In some cases, location of the associated nerves, tissues, or other organs may be different from the locations identified in visual display 1072 over the patient's anatomy. In one example, the patient experiencing pain in the thigh may need light therapy in accordance with the present specification, over the lower back. In this example, the visual display and the patient indicate that the pain exists in the thigh. Controller 970 may translate this information to plurality of arm 968 positions that irradiate light over the lower back. A database, table, or memory structure is preferably stored in the controller or remotely accessible by the controller and comprises a plurality of translation data, wherein a selection of a particular anatomical location as having pain, tingling, numb, or other undesired sensation may be translated into a plurality of different anatomical locations requiring illumination by the light emitting device.
Referring to
Once the patient's body has been scanned, associated with pixel and 3 dimensional positioning information, the mobile phone or tablet device may be removed from the arm and the light emitting device may be put in its place.
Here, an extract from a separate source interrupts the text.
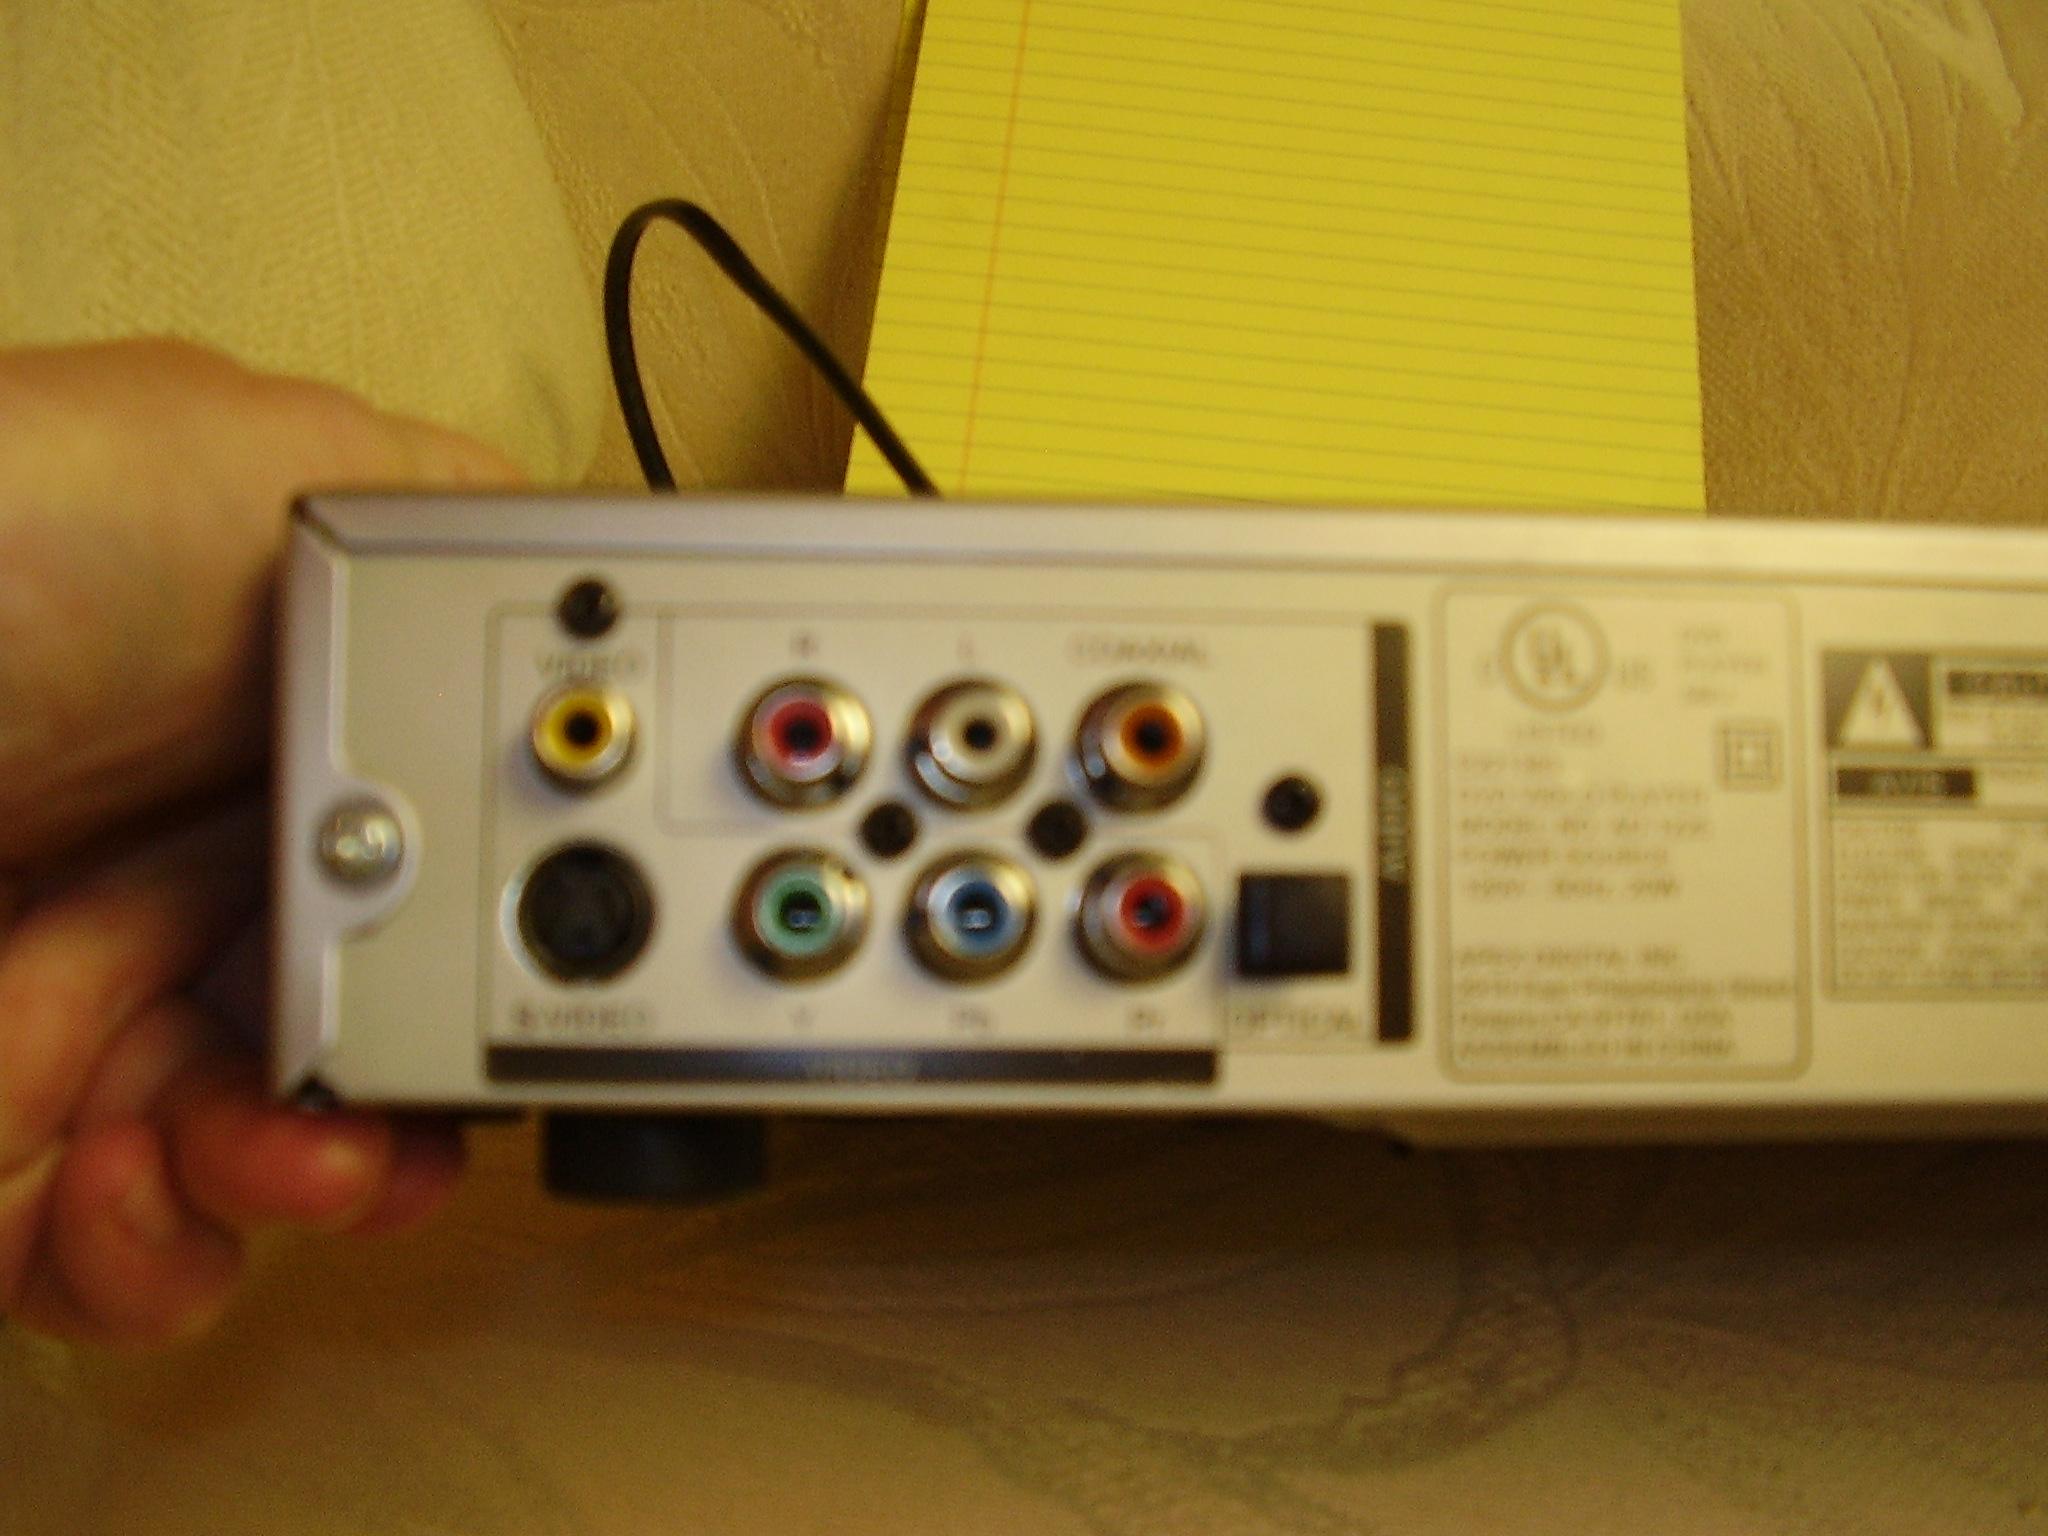 HT-r320 Onkyo hookup

The controller, via an integrated display or a remotely connected display on a tablet or phone, will extract a silhouette or some other abstraction of the patient's body (from the captured images) and display it 1106. The patient or physician will then select areas of the body which are in pain and the controller will therefore receive a selection of pixels as being indicative of loci of pain 1108. The controller is configured to translate the identified pixels into anatomical locations, based on the calibration and prior mapping, and further configured to translate those first identified anatomical locations into a second set of anatomical locations, different from the first, based on a translation step as described above 1110. With the selected first set of identified anatomical locations and the translated second set of identified anatomical locations established, a full list of associated pixel locations are determined 1112 and the associated three dimensional configurations of the robotic arm are determined 1114. The system is then initiated to move the arm based on the determined three dimensional configurations 1116.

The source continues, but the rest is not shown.